Rob Parker Can't Be Fired for Doing What ESPN's First Take Wants Him to Do

Dan Levy@danlevythinksNational Lead WriterDecember 14, 2012

Rob Parker should not be fired from ESPN for doing exactly what the producers of First Take hired him to do. With his mid-morning debate-team cohorts Stephen A. Smith and Skip Bayless, Parker has become nothing more than a sports-talk carnival barker: a sports personification of Steve Martin's character Navin Johnson, working the Midway in the '70s classic The Jerk. (With it seems, by recent events on First Take, just as much awkward and inappropriate racial undertone.)

"Take a chance and win some crap. Step right up!"

Step right up, folks, because that's what First Take is: crap. Every day, ESPN spoon-feeds its audience the lowest common denominator any sports fan can find on TV. As Navin would suggest, it's a profit deal for ESPN, minimizing rational discussion for sensationalism that only serves to get people talking and tuning in for more.

Parker has been suspended by ESPN for essentially questioning if Washington Redskins quarterback Robert Griffin III is black enough. Parker's suspension by the Worldwide Leader is for an indefinite amount of time, pending further investigation. How long should that investigation take, ESPN? My best guess is no more than 30 seconds, just enough time to rewind the DVR to listen to what he said one more time.

It shouldn't even take that long. If you haven't seen what Parker said about RGIII, take a look, via The Washington Post's DC Sports Bog:

"[M]y question, which is just a straight honest question. Is he a brother, or is he a cornball brother?”

What does that mean, Parker was asked.

“Well, [that] he’s black, he kind of does his thing, but he’s not really down with the cause, he’s not one of us,” Parker explained. “He’s kind of black, but he’s not really the guy you’d really want to hang out with, because he’s off to do something else.” 

Why is that your question, Parker was asked. 

“Well, because I want to find out about him,” Parker said. “I don’t know, because I keep hearing these things. We all know he has a white fiancée. There was all this talk about he’s a Republican, which, there’s no information [about that] at all. I’m just trying to dig deeper as to why he has an issue. Because we did find out with Tiger Woods, Tiger Woods was like I’ve got black skin but don’t call me black. So people got to wondering about Tiger Woods early on.” 

This was part of a discussion on a national television program.
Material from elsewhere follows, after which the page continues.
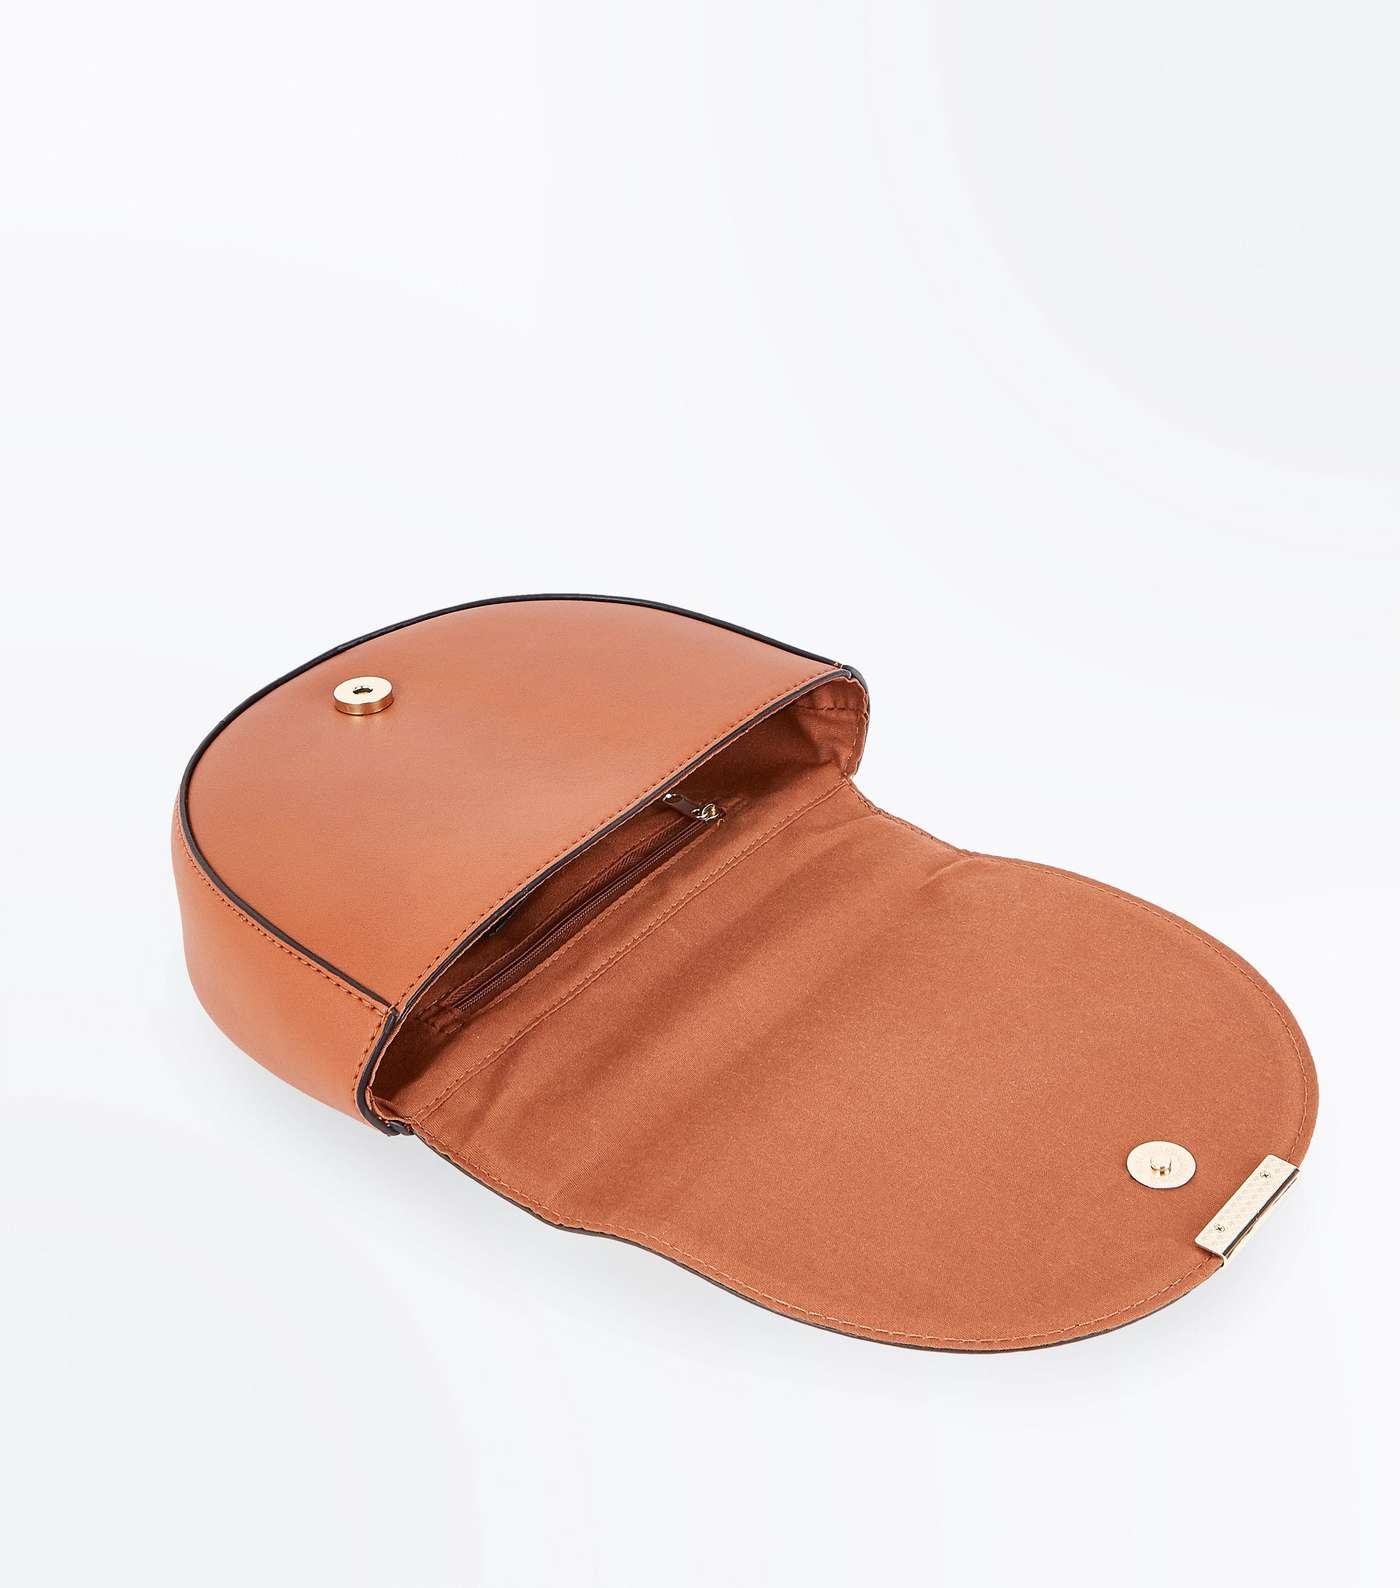 Tan Curved Metal Handle Cross Body Bag Image 6

Per Dan Steinberg at The Washington Post, Bayless reminded Parker about RGIII's braids, in an effort to perhaps justify the quarterback's blackness.

This actually happened. It went on long enough for Stephen A. Smith to step in as the voice of reason. The voice of reason! Folks, when Stephen A. is the one telling you to pump the brakes, you've already fallen off the cliff.
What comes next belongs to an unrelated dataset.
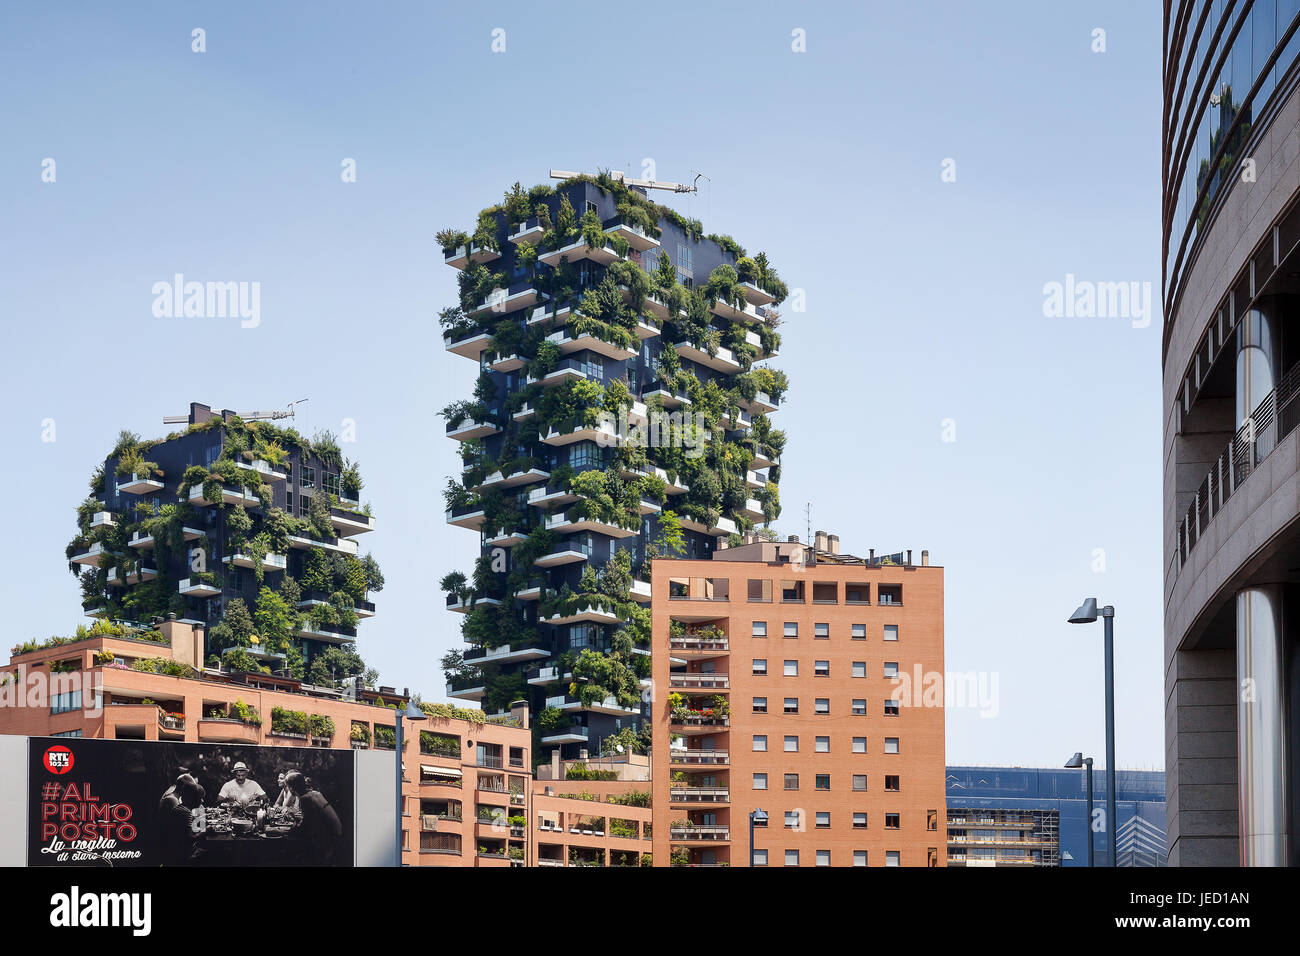 Mailand, Italien - 11. Juni 2017: Der berühmte vertikale Waldturm. Nachhaltiges Wohnbaumodell, bestehend aus einem neuen Wohnviertel. Stockfoto

The thing is, most people don’t actually watch First Take for anything other than the car wreck, usually directed by Bayless race-baiting and sensationalizing to the point of drawing ire from the Internet watchdogs. When media writers talk about Bayless, he did his job that day, because more people will be tuned in the next day for his apology, clarification or—most likely—continued defense of his original argument. People think Bayless doesn't even believe what he says, a trick he's undoubtedly shared with his fellow panelists.

I mean, please, one has to wonder if Parker really meant what he said, or if he was just playing a role on television. Whatever the motivation, it was deplorable.
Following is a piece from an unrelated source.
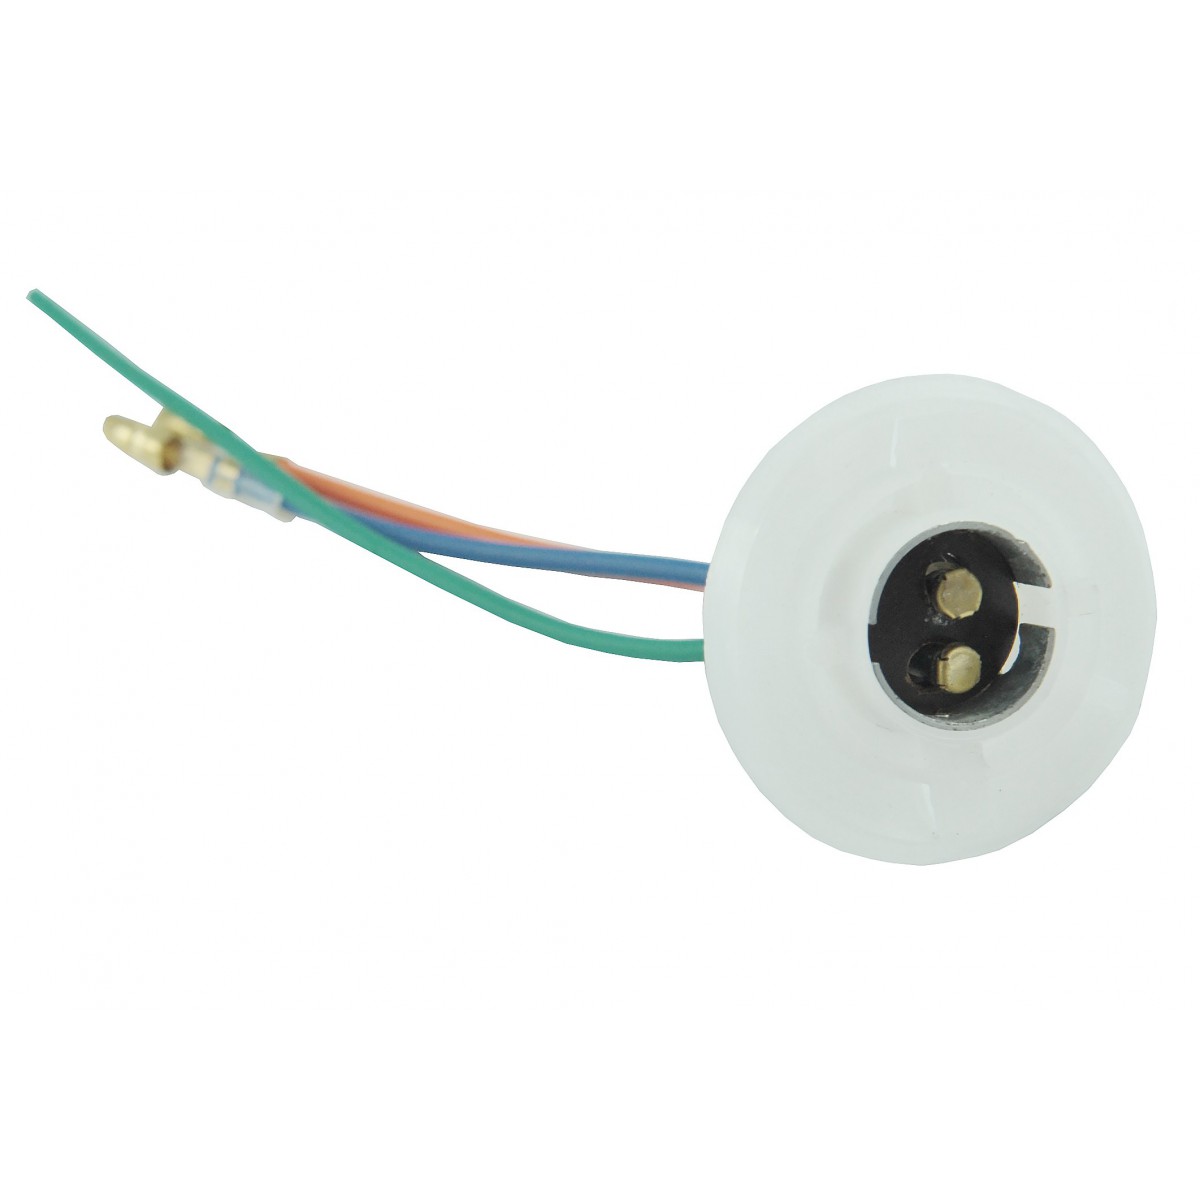 Bulb socket Kubota -two-filament bulb

Deplorable or not, Parker probably won't be fired by ESPN. Nor should he be. 

First Take lives on the edge, always looking for a manufactured debate that blurs the line between sports and political correctness so we can stop paying attention to real sports stories and talk about them. That isn't the only property at ESPN to use the same gambit. Colin Cowherd has made a living on radio for years playing a similar game. It's nothing new, but First Take has managed to consistently take it to a level unseen on TV before. 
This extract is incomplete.